Alla morte di Alessandro V, Cossa fu eletto papa il 17 maggio 1410 da diciassette cardinali, al termine di un conclave tenutosi a Bologna e durato solo tre giorni. Dopo aver assunto il nome di Giovanni XXIII, fu ordinato prete il 24 maggio e, il giorno seguente, consacrato vescovo ed incoronato. La sua nomina era certo il frutto di una palese convergenza fra le ambizioni di Luigi II ed i progetti delle autorità fiorentine, ma, per i cardinali, Cossa era anche il candidato migliore per salvare lo Stato pontificio. Rimasto in un primo tempo a Bologna, G. sembra essersi fissato come primo obiettivo la riconquista di Roma, sempre occupata dalle truppe di Ladislao. Finanziato da un prelievo sulle decime spettanti al clero di obbedienza angioina, lo sforzo si concretizzò nell'entrata del papa in Roma, avvenuta il 12 aprile 1411, in compagnia di Luigi II. Benché vincitore di Ladislao a Roccasecca (19 maggio), Luigi non sfruttò però ulteriormente il suo vantaggio e lasciò l'Italia l'8 maggio, lasciando G. solo davanti al suo avversario che riconquistò rapidamente terreno grazie all'alleanza, fra gli altri, di Carlo Malatesta, indefettibile sostegno di Gregorio XII. In cerca di appoggi, G. si rivolse allora al neoeletto re dei Romani (21 giugno 1411) Sigismondo di Lussemburgo. In Francia, già dal mese di febbraio, si era assicurato il sostegno della corte autorizzando la riscossione di un "dono gratuito" del clero al sovrano. In modo più generale ricercò sostegno in tutta la cristianità creando, il 6 giugno 1411, quindici cardinali, uno solo dei quali era suo parente. Oltre a quelli che gli erano stati raccomandati da sovrani come il re d'Inghilterra o il re dei Romani, si notano tra i designati alcune personalità di grande valore che segnarono profondamente la loro epoca, quali, in Italia, Branda Castiglione, Francesco Zabarella e Ludovico Adimari e, in Francia, Pierre d'Ailly, Guillaume Fillastre e Gilles des Champs.

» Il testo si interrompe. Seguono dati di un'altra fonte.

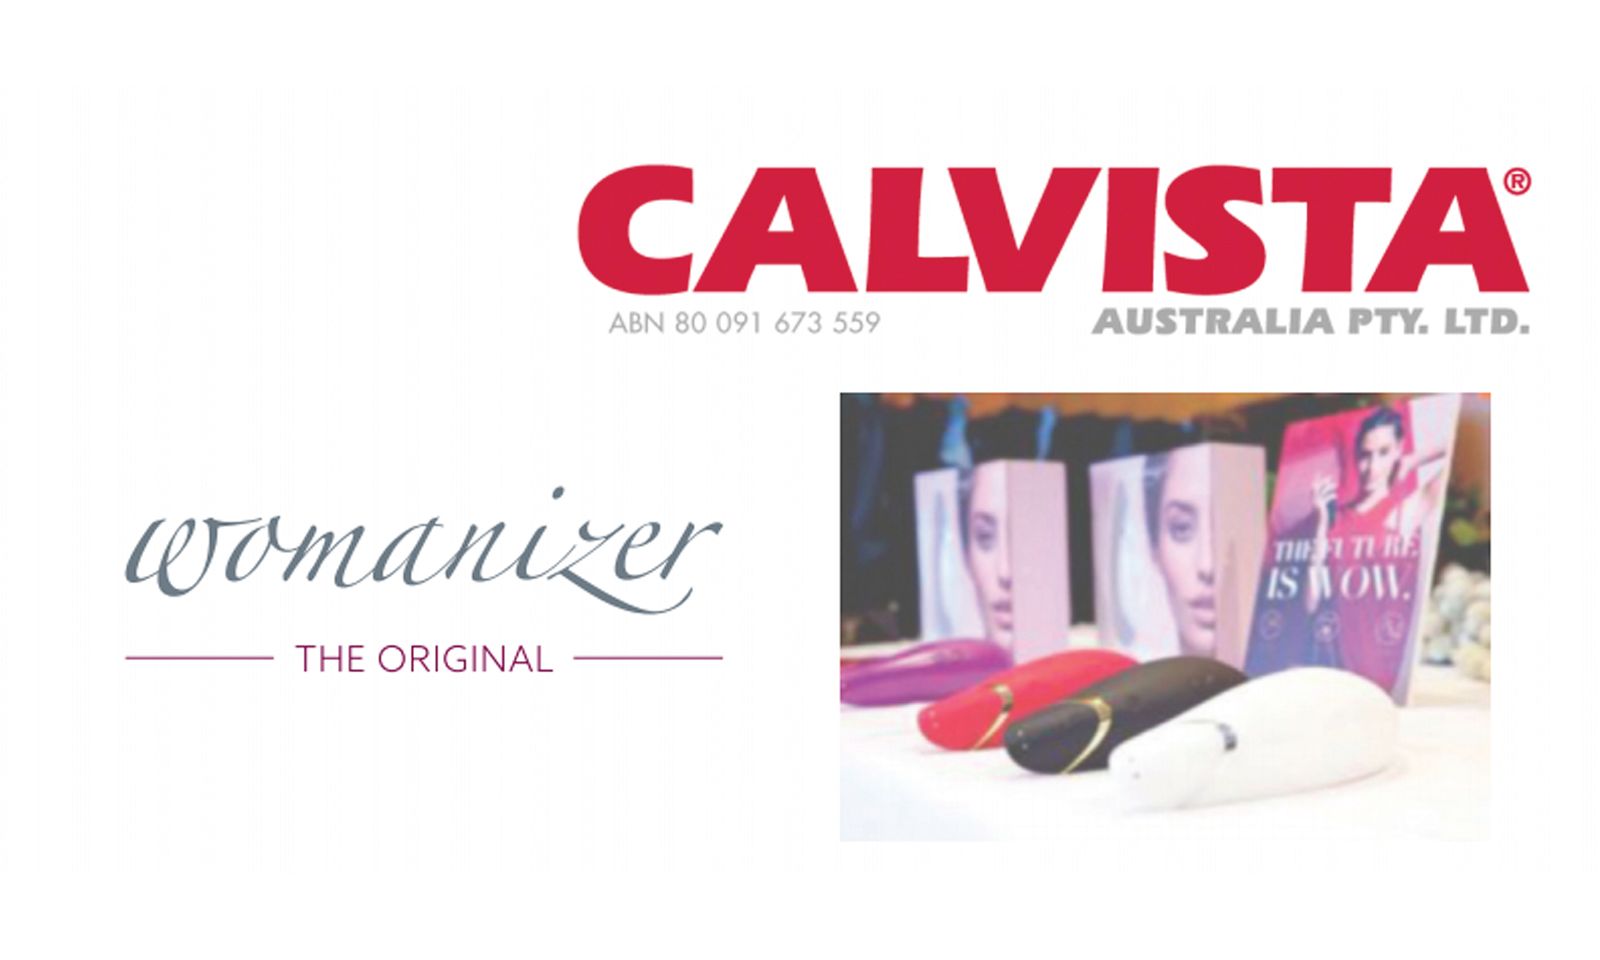 Calvista Teams With Womanizer To Host B2B Events in Australia

Conformemente a quanto previsto nel corso della XXI sessione del concilio di Pisa, G. annunciò, il 29 aprile 1411, la convocazione di un nuovo concilio che doveva riunirsi a Roma nella primavera successiva. La situazione all'interno dello Stato pontificio rimaneva nel frattempo assai precaria: nel maggio 1411, la città di Bologna, insidiata dalle schiere di Carlo Malatesta, aveva cacciato il rappresentante pontificio e Firenze, sempre preoccupata delle conseguenze che un aperto conflitto con Ladislao avrebbe comportato per i suoi interessi economici, consigliava il pontefice di trattare con lui. Ma G. non voleva sentir parlare di pace con il re di Sicilia. È in questo periodo che, a Roma, fece ripristinare da Antonio da Todi il "passetto" che collega il Vaticano a Castel S. Angelo. L'11 agosto 1411 G. scomunicò Ladislao, il 9 settembre lo depose e fece predicare la crociata contro di lui in tutta la cristianità. La predicazione della crociata a Praga, nel maggio 1412, provocò un violento attacco di Jan Hus contro le bolle pontificie. L'episodio, al quale fece seguito la condanna a morte di tre giovani che avevano contestato un predicatore della crociata, fu una tappa importante nel conflitto, apertosi già in precedenza, tra Jan Hus e le autorità ecclesiastiche.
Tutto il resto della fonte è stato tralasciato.